Kendi suyumuzu kullanıyoruz ama umarım seneye kendi elektriğimizi kullanır duruma gelebiliriz. Bunun için ciddi anlamda uğraşacağız. Bir de şu anda çiftliğin mevcudunu bizimle beraber, tavuklarımız, arılarımız, güvercinlerimiz, tavşanlarımız ve köpeklerimiz de oluşturuyor ama keçi ve koyunların da eklenmesini istiyoruz ekibe. Son olarak da bu tip girişimlerin küçük ölçekte dahi yapıldığında gelir getirebileceğini göstererek bizim gibi alternatif bir hayat arayanlara örnek olabilmek istiyoruz. Bu sayede bir insanın daha ayağı toprağa değer, boş kalan bir metrekare daha üretime katılır, bir tohum daha yok olmaktan kurtulursa kardır.

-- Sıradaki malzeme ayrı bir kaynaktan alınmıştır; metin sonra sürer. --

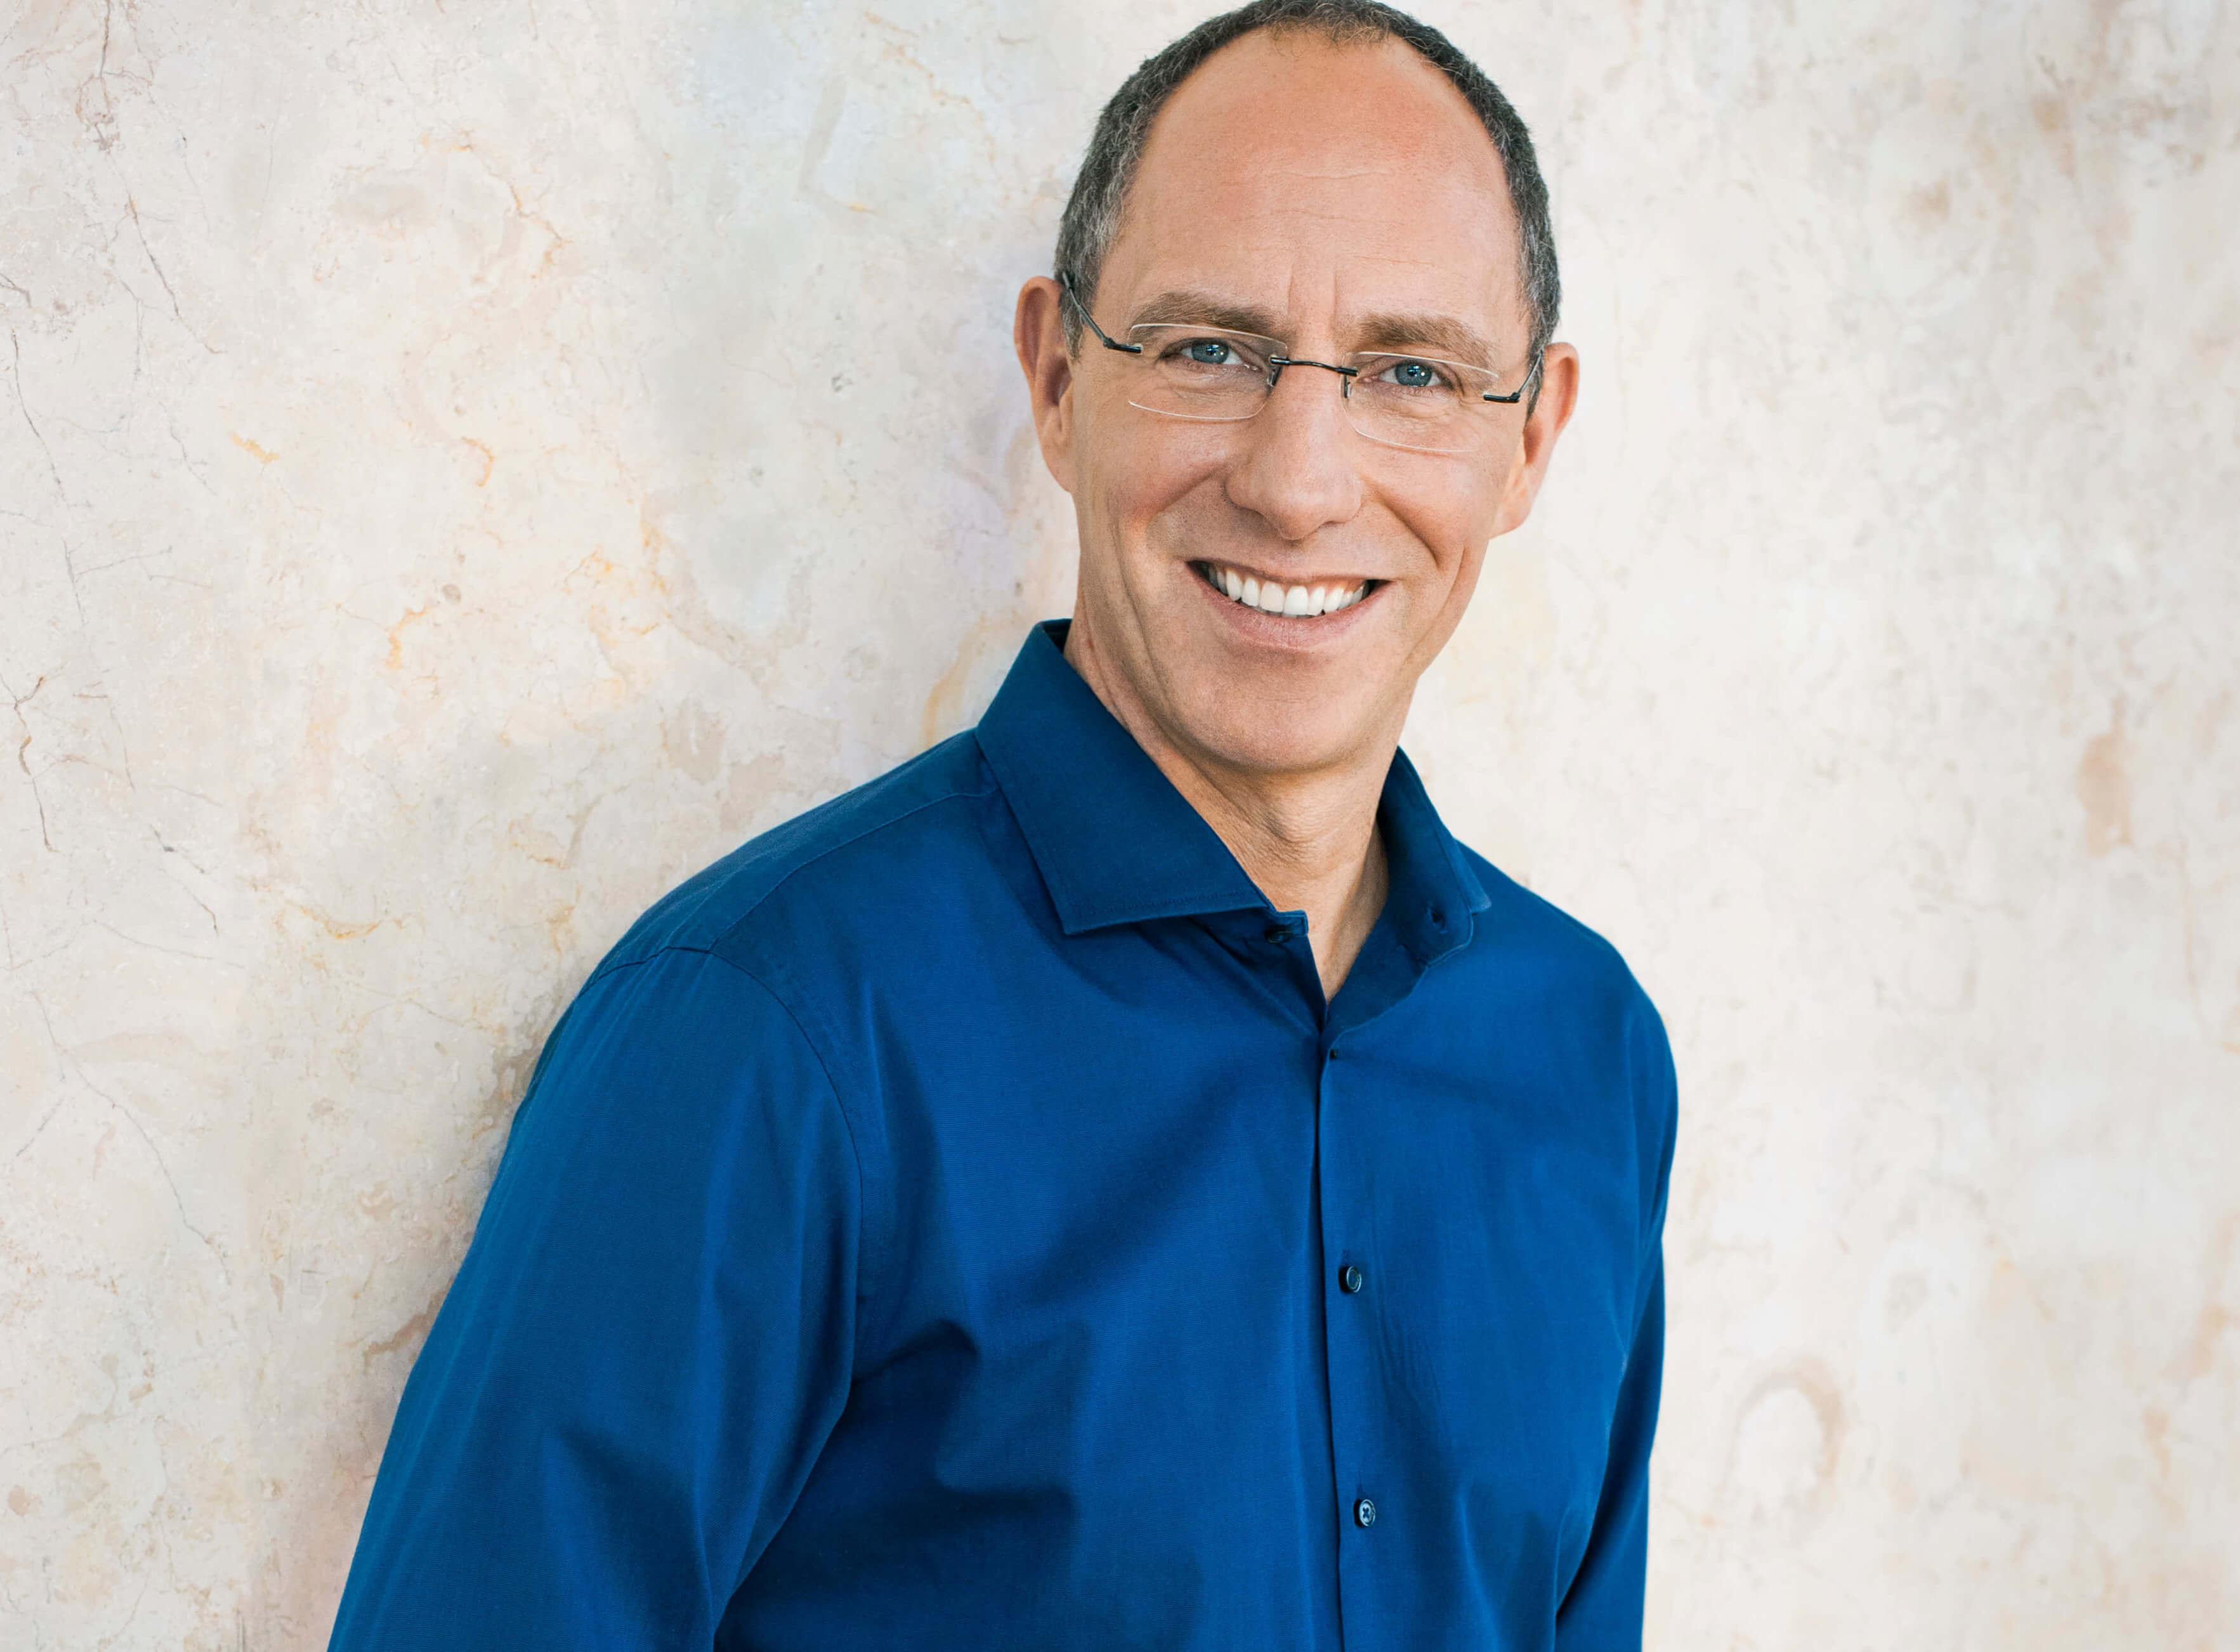 Profilfoto von Thomas Ranft der Redneragentur PODIUM | Vorstellung als Redner

Farkındalık çok önemli. Hani ilkokulda sizi öğretmeniniz ders esnasında bir kağıt almak için dışarı gönderir de tekrar sınıfa girerken fark edersiniz ya sınıftaki o ağır havayı, o dakikadan sonra sınıfta ders bitimine kadar rahatsız olan tek sizsinizdir. Ne kadar fazla kişi bunu farkederse camı açtırmamız o kadar kolaylaşır diye düşünüyorum.
Toprakta, köy hayatında sizi en çok ne motive ediyor ?
Bizi en çok motive eden güvenlik duygusu. Babam enteresan bir adamdır. Bir nevi televizyonda yayınlanan felaketi bekleyenler serisindekiler gibi bir tip. Çok zengin olup, bir sürü paran olabilir ama en nihayetinde onları yiyemeyeceksin. Topraktan çıkanlara ihtiyacın olacak hep, mantığı ile büyüterek toprağa yatırım yapmamızı öğütledi bize. Sanırım bizim de içimize bu yerleşmiş olmalı ki kendi yiyeceğimizi üretmek, kendi kendine yetebilen bir sistem kurmaya çalışmak inanılmaz bir özgürlük ve güvenlik hissi veriyor bize. Bunların yanında hayvanlar ile yakın olmak, bizim gibi düşünen yeni insanlar ile tanışmak, her gün doğa ile ilgili yeni bir şeyler öğrenmek harika!!